VD. Sì, purtroppo non è un periodo facile per l’editoria italiana e per la cultura in generale. Ma sono convinta che non ci si debba arrendere. Sarà che ho un carattere molto forte, ma credo fermamente che gli ostacoli vadano superati con fiducia e volontà di reagire. Per adesso, posso dire che mi sono trovata molto bene con le piccole case editrici che hanno scelto i miei romanzi. È stata una grande soddisfazione scoprire che, una volta aperto il mio cassetto stracolmo di scritti, anche qualcun altro fosse interessato a pubblicare le mie opere. Per quanto riguarda il self-publishing, sono ancora incerta. Mi sono buttata in questa esperienza da poche settimane, quindi non ho abbastanza elementi e risultati per poterla valutare e, in ogni caso, sarebbe una mia opinione. So che molti lo preferiscono all’editoria tradizionale. Da lettrice, non ho pregiudizi. Se un’opera è valida, penso che entrambe le soluzioni siano interessanti.


E’ di poche settimane fa la notizia del cambio di titolo de Il bunker diventato Sui resti dell’inganno. Come mai hai deciso di modificare titolo e copertina del tuo primo romanzo?

VD. Alcune lettrici mi hanno consigliato di scegliere un titolo che rispecchiasse maggiormente il contenuto del romanzo. Molte hanno pensato a un argomento di stampo militare o mafioso. Ho preferito seguire i loro suggerimenti, visto che il libro parla degli errori del passato e dei resti di un uomo ritrovato dopo anni di oblio. Anche la cover, ha un impatto meno violento. Nell’opera, infatti, l’aspetto psicologico si mescola sempre all’azione. Con la chiusura della casa editrice e la mia scelta di auto-pubblicarlo, ho dunque rinnovato il look del romanzo per rendere l’insieme più coerente con la storia.


Una parola per salvarsi invece potrebbe ricordare le storie di Agatha Christie. A quale scrittrice ti ispiri?

VD. A parte la regina dei gialli che hai citato, adoro le scrittrici dal sapore un po’ vintage. Patricia Highsmith, Daphne Du Maurier, Anna K.Green, che sanno mantenere la suspense psicologica, unendola a un’ambientazione noir di grande fascino. Nell’ambito italiano, devo assolutamente citare Barbara Baraldi e Simonetta Santamaria, che mi hanno sempre catturato con la loro intensa scrittura e storie davvero intriganti dal sapore gotico.


Cosa consiglieresti alle aspiranti scrittrici che decidono di cimentarsi nel mondo thriller?

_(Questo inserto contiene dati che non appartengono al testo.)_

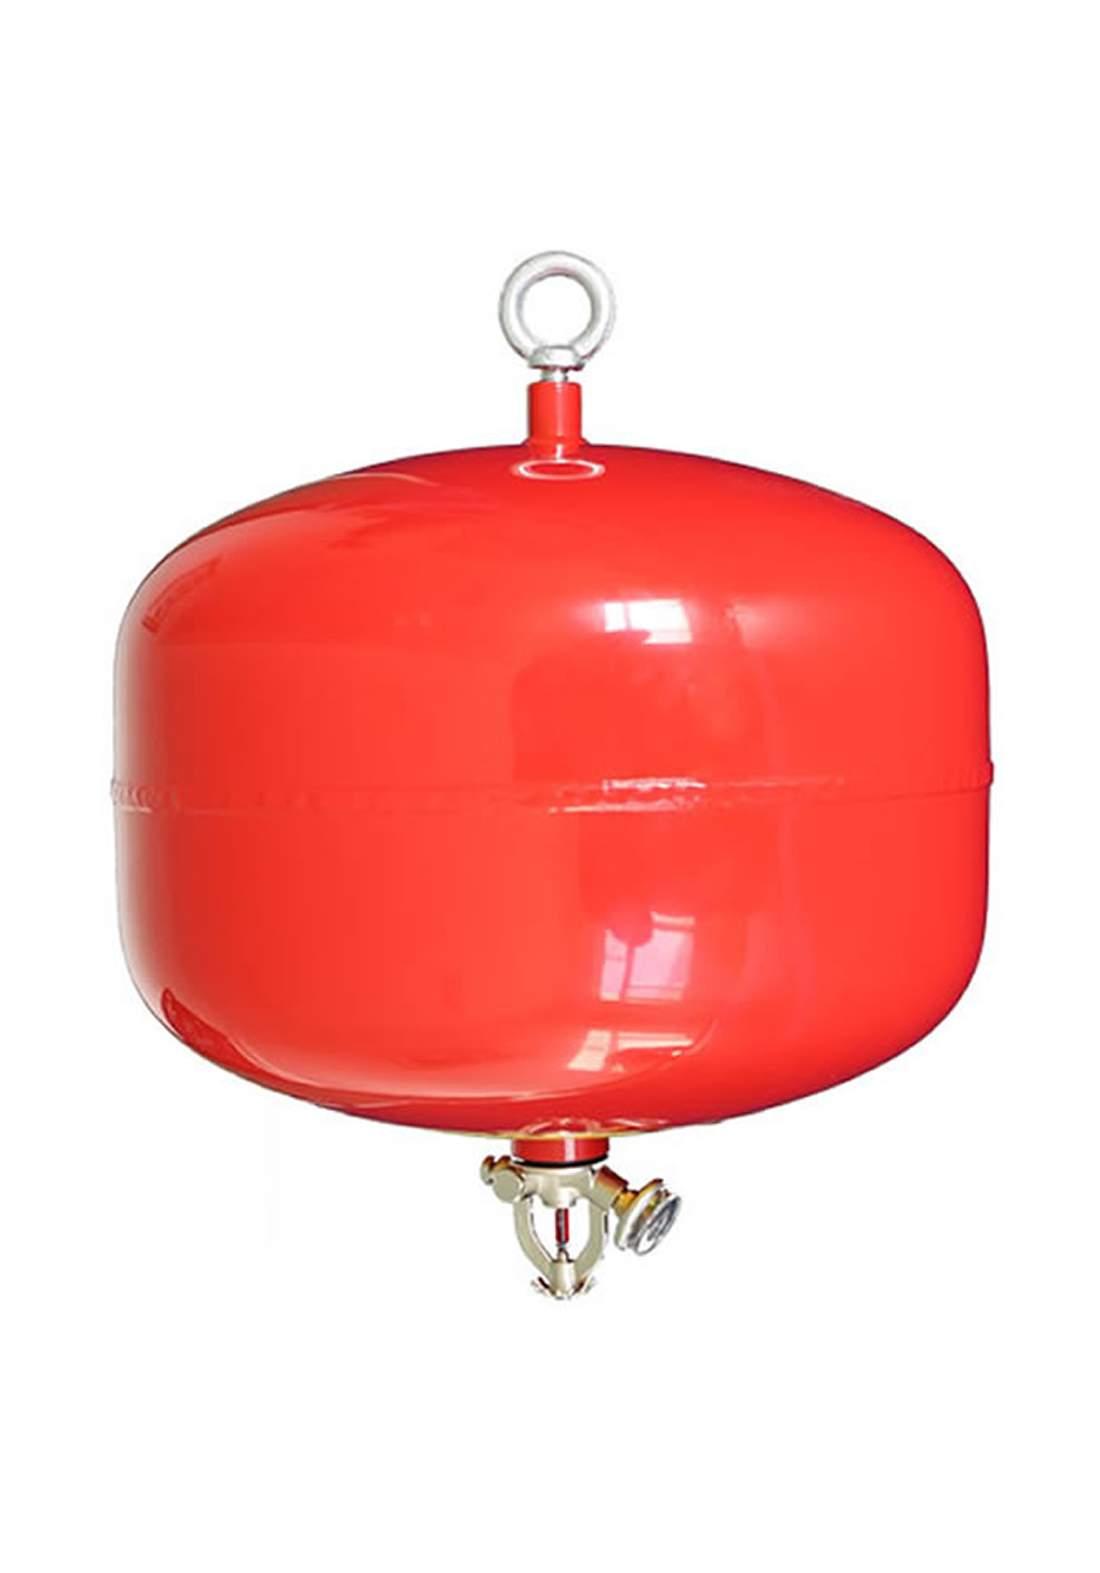 Subul AlHurra Ceiling Fire Extinguisher 6 kg مطفأة حريق سطحية باودر
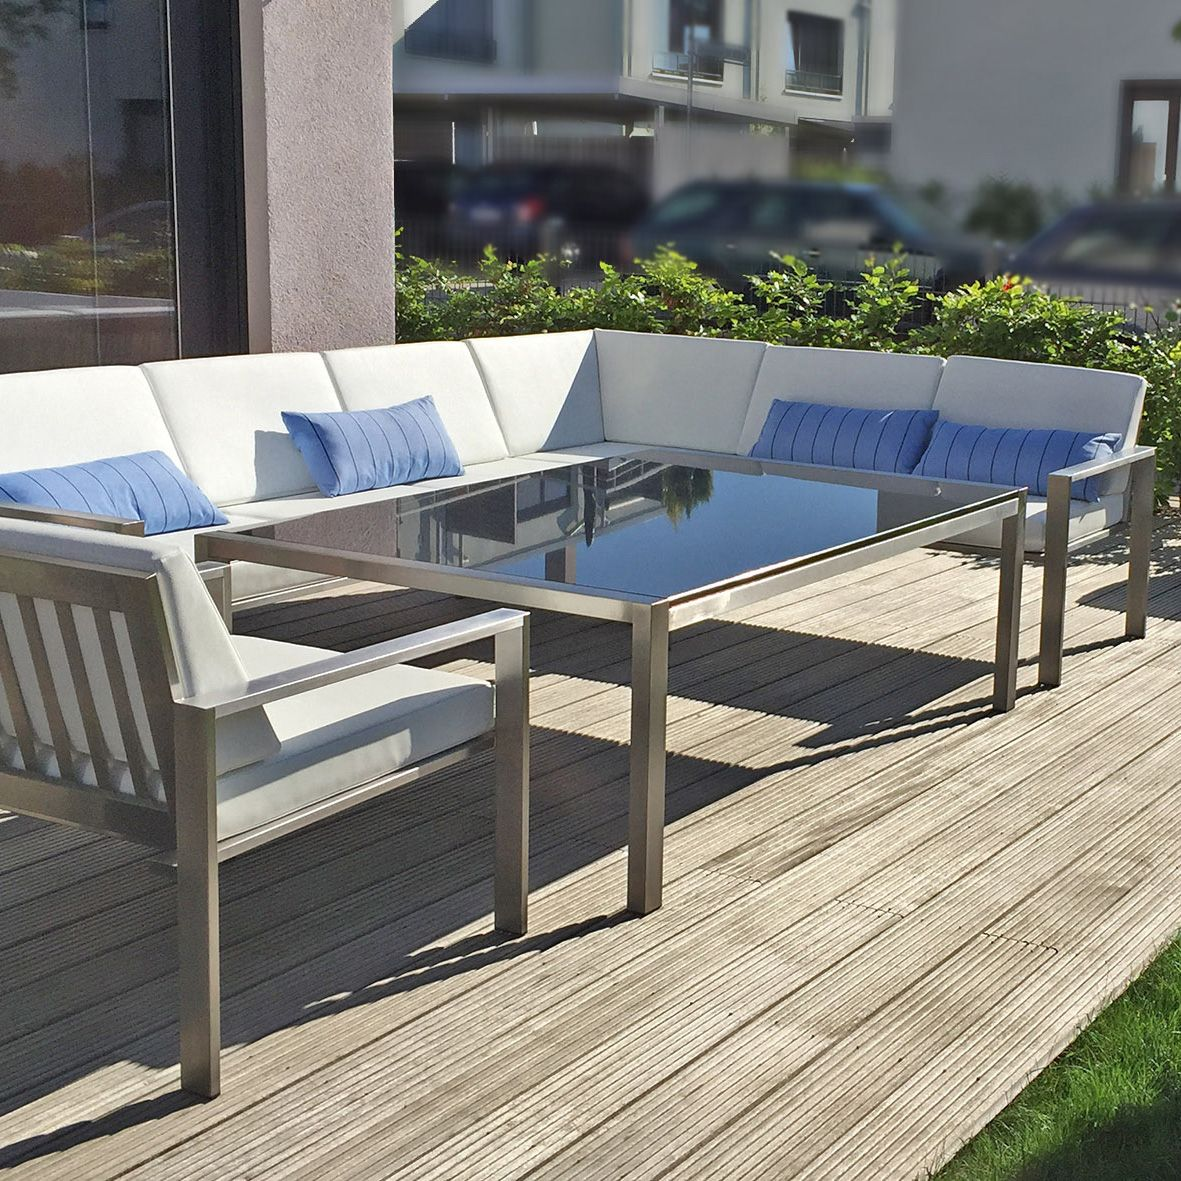 Siena Garden Lounge Set Pescara Bronze Aluminium X2f Geflecht

VD. Io applico la formula delle tre P : pazienza, perseveranza e passione. Sono i tre cardini che mi spingono a continuare su questo lungo e difficile cammino. Si sa dove si comincia e mai dove e se si arriva. Potrei, inoltre, consigliare di leggere molto, di assorbire la tecnica di altri, ma di renderla personale, sfruttando il proprio stile e ciò che ci si sente di esprimere. Correggere, riscrivere, cestinare e accettare consigli per migliorare. L’obiettivo che io scelgo è quello di scrivere ciò che mi piace e che spero possa anche emozionare i lettori.


Credo che la mia curiosità e quella dei lettori sia ampiamente soddisfatta. Ti ringrazio per il tempo concessomi e al prossimo romanzo.
VD. Grazie a te, Nico, per aver letto i miei romanzi e aver trovato un piccolo spazio per quest’interessante intervista. Ringrazio tutti i lettori del tuo blog con cui condivido la passione per i thriller!